3rd Circuit Enforces Restrictive Covenants Tied to Electronic Acceptance of Stock Award
On February 7, 2017, the Third Circuit affirmed a partial preliminary injunction order barring two former ADP employees from soliciting customers for their new employer for one year. This decision is notable as it affirmed the propriety of electronic acknowledgements and rejected a creative challenge to ADP’s electronic signature system. See ADP, LLC v. Lynch, 2-16 Civ. 01053 and 2-16 Civ. 01111, (3rd Cir. February 7, 2017).
While employed at ADP, two former ADP employees, Jordan Lynch and John Halpin, accepted incentive stock awards that were offered to select employees based on performance. They were offered and accepted the stock awards on five separate occasions. In order to accept the award on each occasion, Lynch and Halpin accessed an ADP webpage and confirmed through two click-through screens that they read all associated documents (award plan, award agreement, and noncompete agreement).

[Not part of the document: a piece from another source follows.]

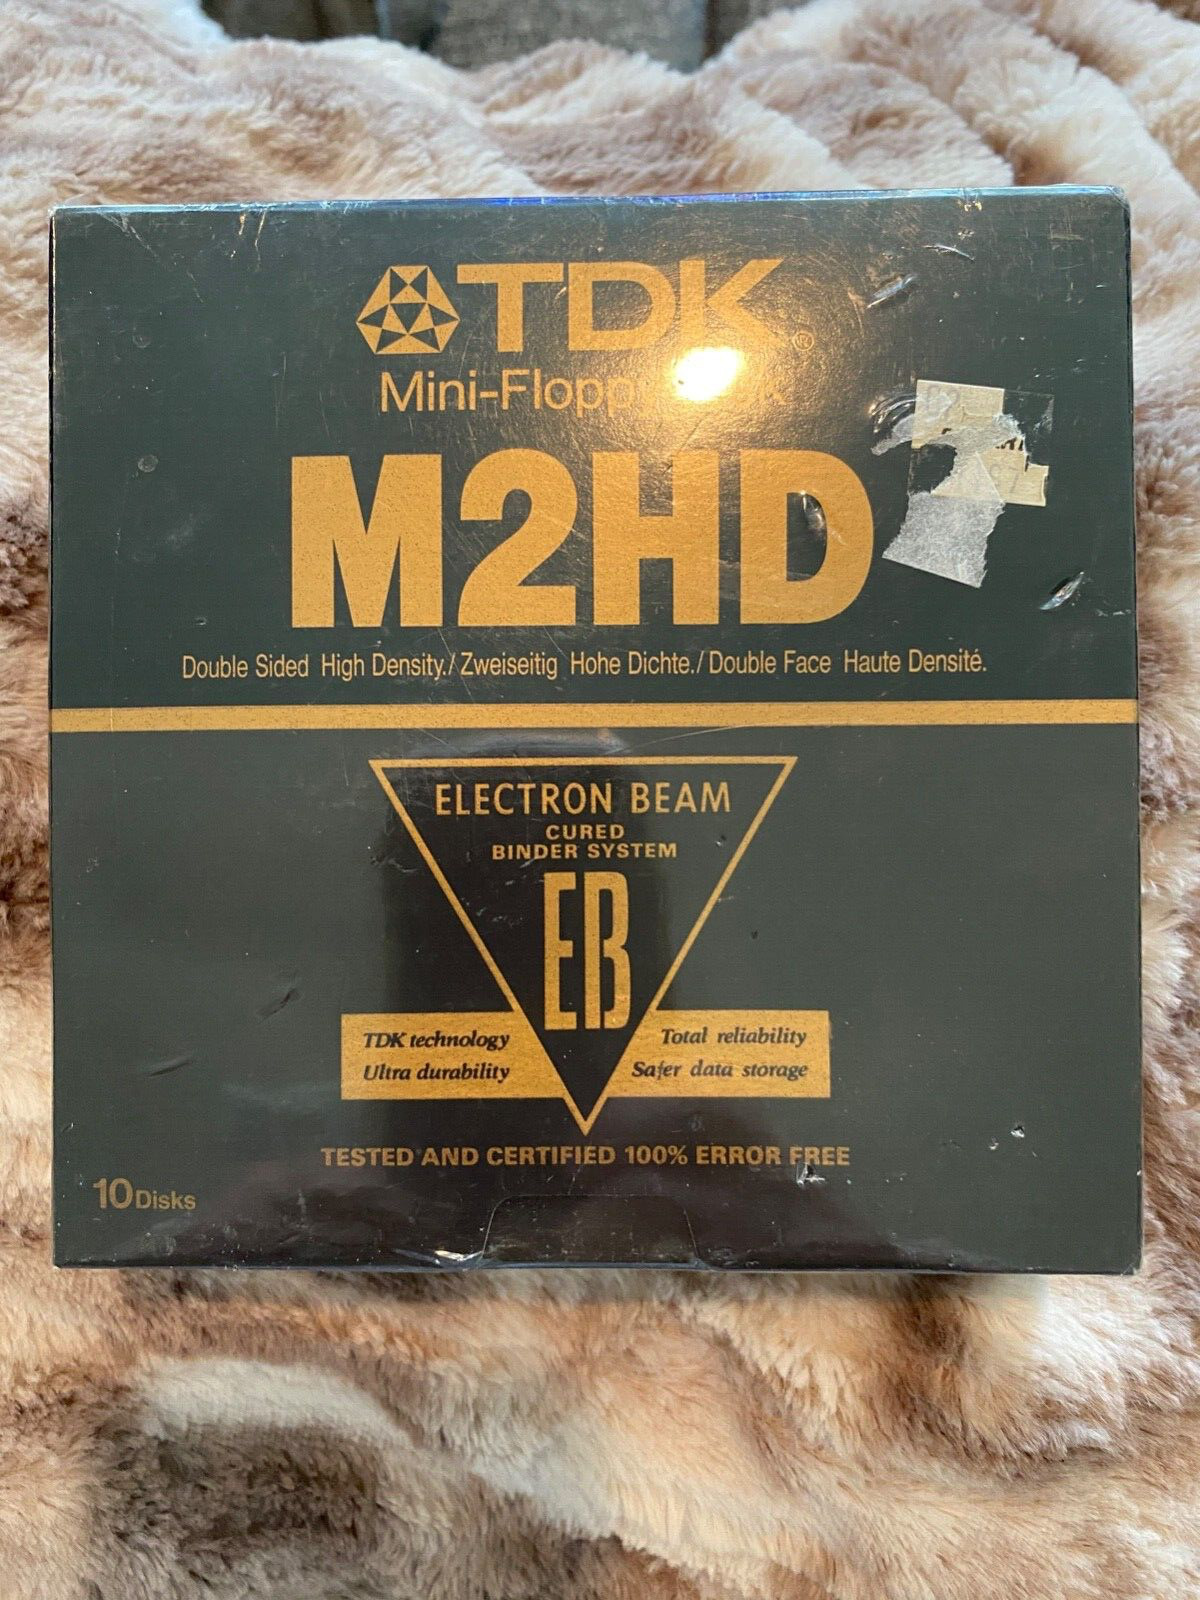 New TDK MF-2HD Micro Floppy Disk 10 Disks Double Sided High Density

After confirming they had “read all the documents,” they clicked “Accept Grant.” The noncompete agreement prohibited Lynch and Halpin from joining a competitor for 12 months and from soliciting any business from current or prospective ADP clients for the same time period. Lynch and Halpin subsequently resigned from ADP, started working for a competitor, and allegedly solicited ADP clients.
The Court was unpersuaded by Lynch and Halpin’s textual argument – namely, that because the click through screens only stated they “read” the documents (not that they “agreed” or “accepted” or “acknowledged” the documents) they were not bound by the noncompete agreement. The Court agreed with the District Court and held that the noncompetes were a condition of accepting the stock award (which was plainly set forth in the documents that they had “read”) and, therefore, by accepting the award the former ADP employees agreed to the noncompete agreement. The Court went on to affirm the lower court’s grant of a partial preliminary injunction order that allowed Lynch and Halpin to continue working for the competitor, but restricted them from soliciting ADP’s current clients and those prospective clients about which they acquired knowledge for one year.